Курфюрст затрясся от смеха.
— Чудо? — веселился он. — Чего доброго, окажется еще, что его спустили с городской стены в корзине, как некогда святого Павла! В таком случае, дружище Спалатин, ему уготовано почетное место в моей коллекции святых мощей!
— Но ваша светлость!..
— Ладно, Спалатин! — Фридрих примирительно махнул рукой.
Он положил реликвию обратно в шкатулку и прикрыл дверцу шкафа. Курфюрст вдруг с удивлением понял, что у него нет больше никакого желания любоваться своей коллекцией. Еще немного подумав, Фридрих сказал:
— Человеку, который сильнее тебя, можно сказать «нет» двумя различными способами, мой добрый друг. Первый таков: не произнося ни слова, спокойно гнуть свою линию, словно ничего и не слышал. При этом время и медлительность людей становятся твоими союзниками…
— А второй?
Глаза курфюрста задорно блеснули. Он попросил Спалатина взять с каминной полки кубок и поставить его на стол. Секретарь повиновался. Курфюрст достал из шкафчика кувшин с вином и наполнил теплый кубок до краев.
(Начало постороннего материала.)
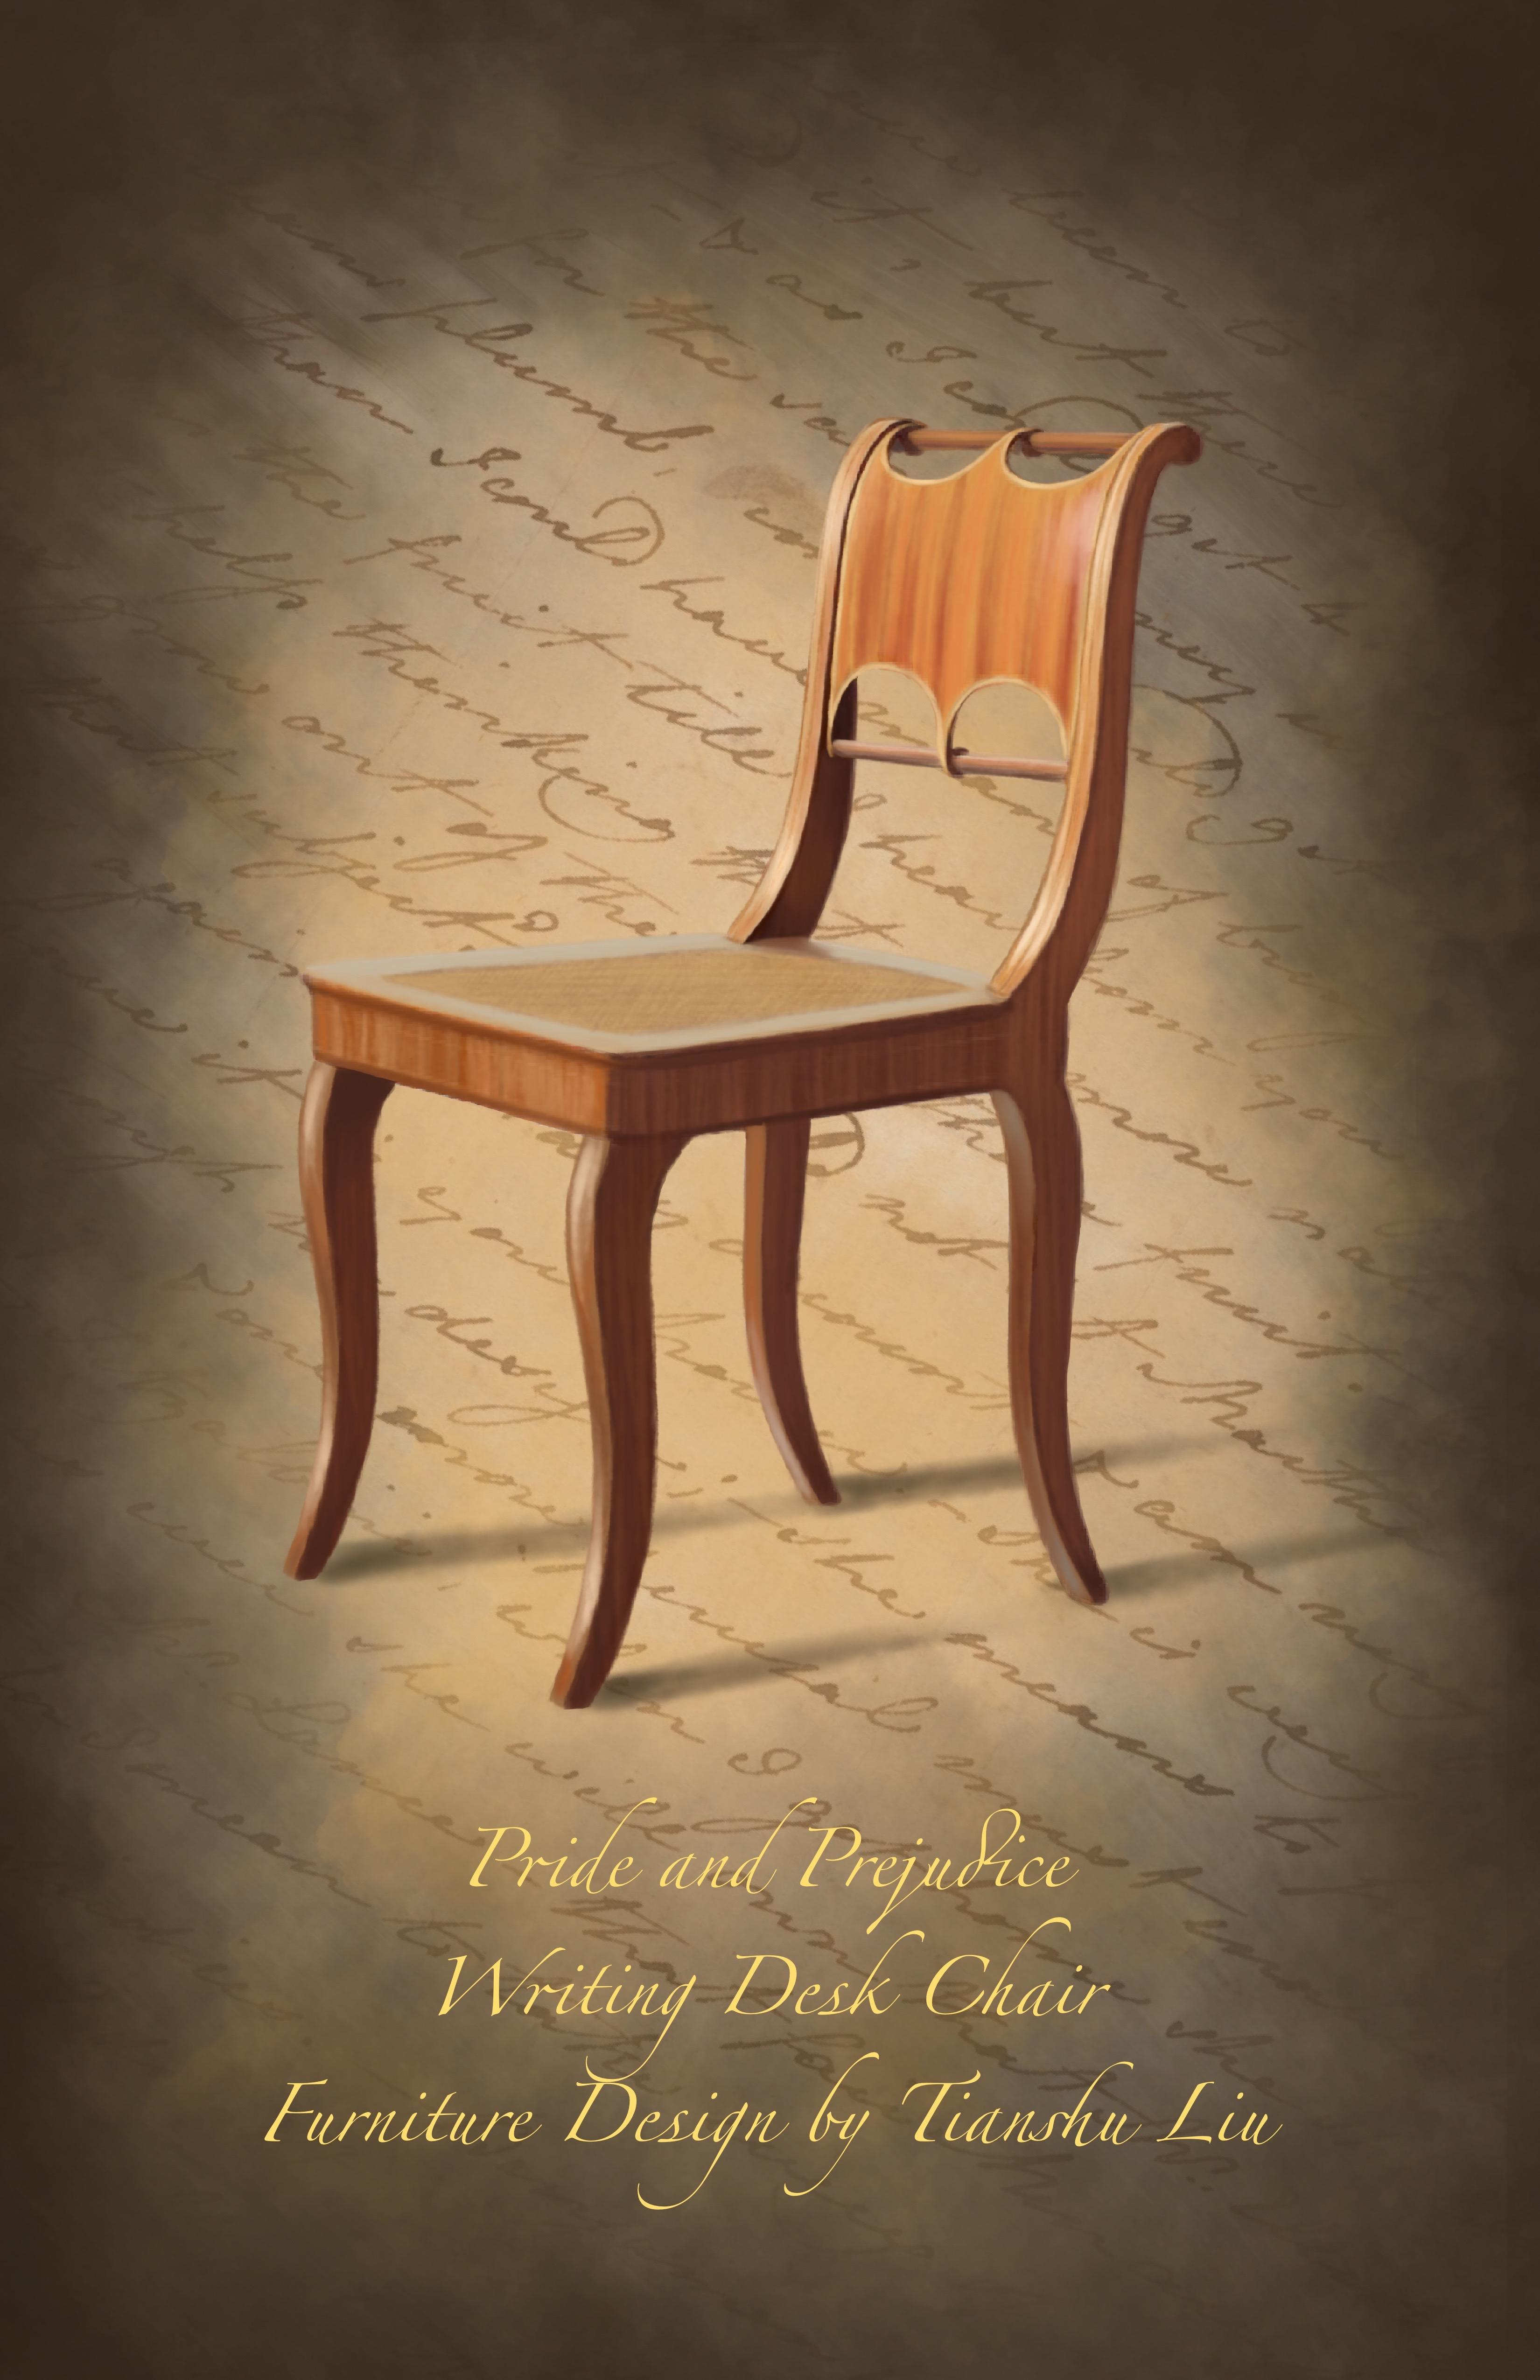 Chair Design for Pride & Prejudice

— Можно сказать «нет» с такой изысканной любезностью, что собеседник просто голову потеряет. На этом, дорогой мой секретарь, зиждется высокое искусство дипломатии. И только если оба стратегических хода оказываются неэффективны, приходится сдаваться…
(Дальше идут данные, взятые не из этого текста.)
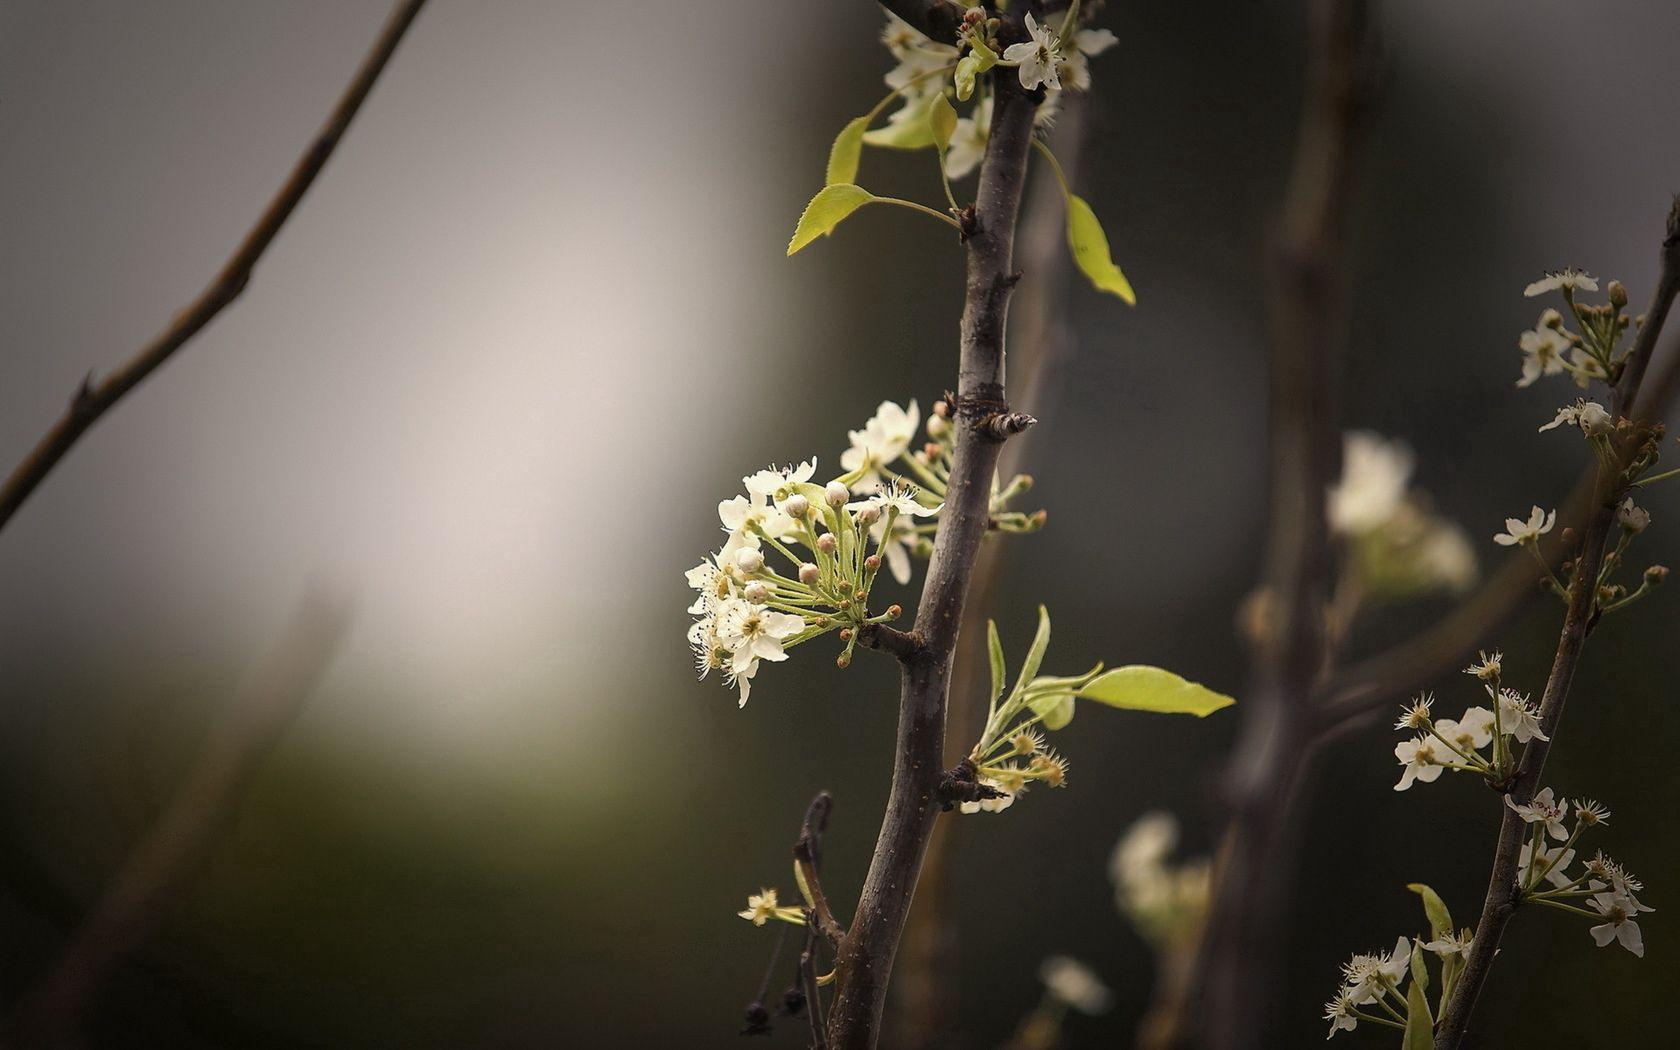 59834 скачать обои Макро, Растение, Ветка, Листья, Темный - заставки и картинки бесплатно

— Или бороться, — с серьезным видом закончил фразу Спалатин.
— Вот именно, друг мой! Но вступать в борьбу следует лишь тогда, когда уверен, что ты выиграешь! — И курфюрст Фридрих с такой силой опустил глиняный кувшин на стол, что вино плеснуло через край. Красные капли брызнули на белый алебастр — словно кровь на свежевыпавшем снегу.
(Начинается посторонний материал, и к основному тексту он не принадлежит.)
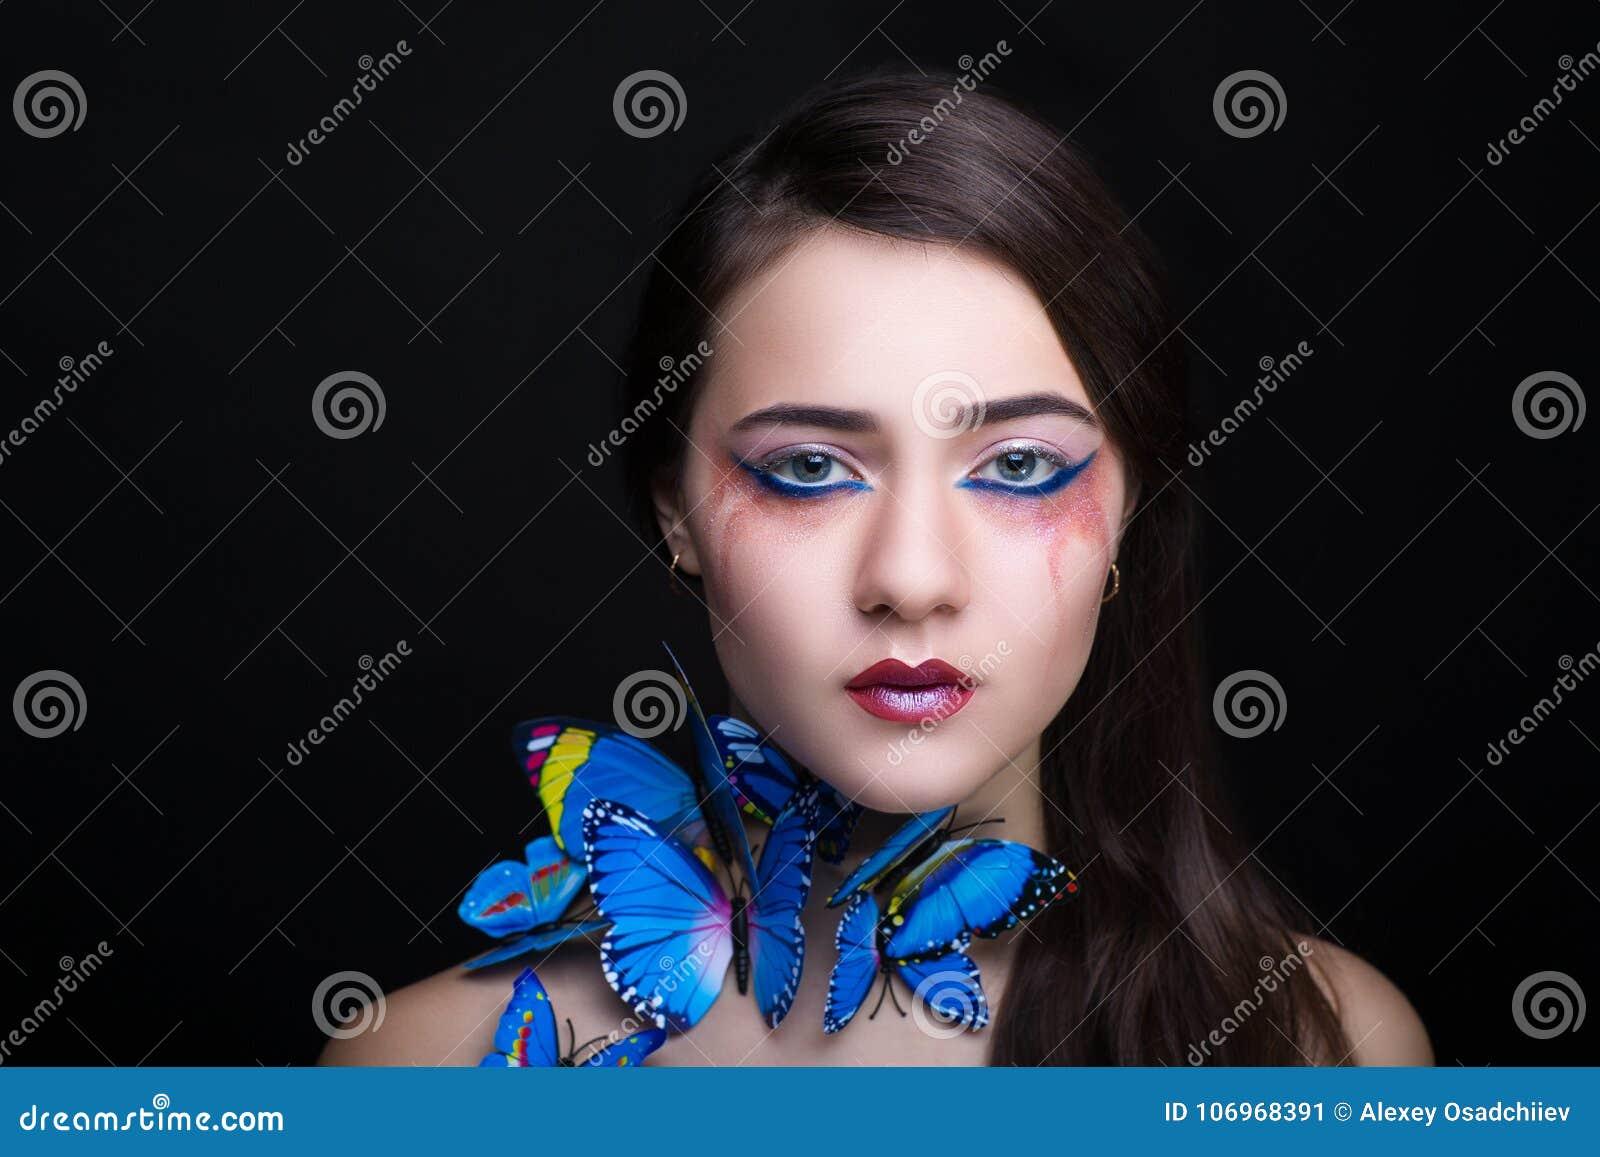 Woman blue butterfly

— Нельзя допустить, чтобы наш монах попал в лапы Рима, — убежденно заявил Фридрих. — Они уничтожат его, а нас, позволивших ему распространять свое учение, предадут осмеянию в глазах всей империи. Кем, черт побери, они себя воображают, этот кардинал и его жалкие лизоблюды, если они посмели помыслить о том, чтобы лишить мой университет столь блестящего ученого?!
Спалатин так и впился в поля своей щегольской шляпы. Тревога его не убавилась, но он почувствовал облегчение оттого, что курфюрст наконец-то собрался с силами, преодолел свою апатию и решил занять определенную позицию. Ну а что касается состязания за влияние между папским престолом и имперской Саксонией, то здесь точка пока еще не поставлена. Курфюрст Фридрих — мудрый правитель и пользуется расположением императора. Может статься, они вдвоем придумают средство спасти мятежного монаха.
— С вашего позволения, я прямо сегодня составлю охранную грамоту для доктора Лютера, — с готовностью предложил Спалатин. — А затем один из моих писцов доставит ее в монастырь.
Фридрих с улыбкой посмотрел на своего секретаря.
— Не стоит так спешить, дорогой мой, — сочувственно сказал он. — Монах может и подождать. Сначала вы должны отведать моего вина. Ландграф Гессенский оказал мне любезность, поделившись со мной отменным напитком из своих погребов.
Когда через некоторое время Спалатин отправился в Черный монастырь, чтобы обсудить с Лютером предложение курфюрста, в церкви замка зазвонили колокола.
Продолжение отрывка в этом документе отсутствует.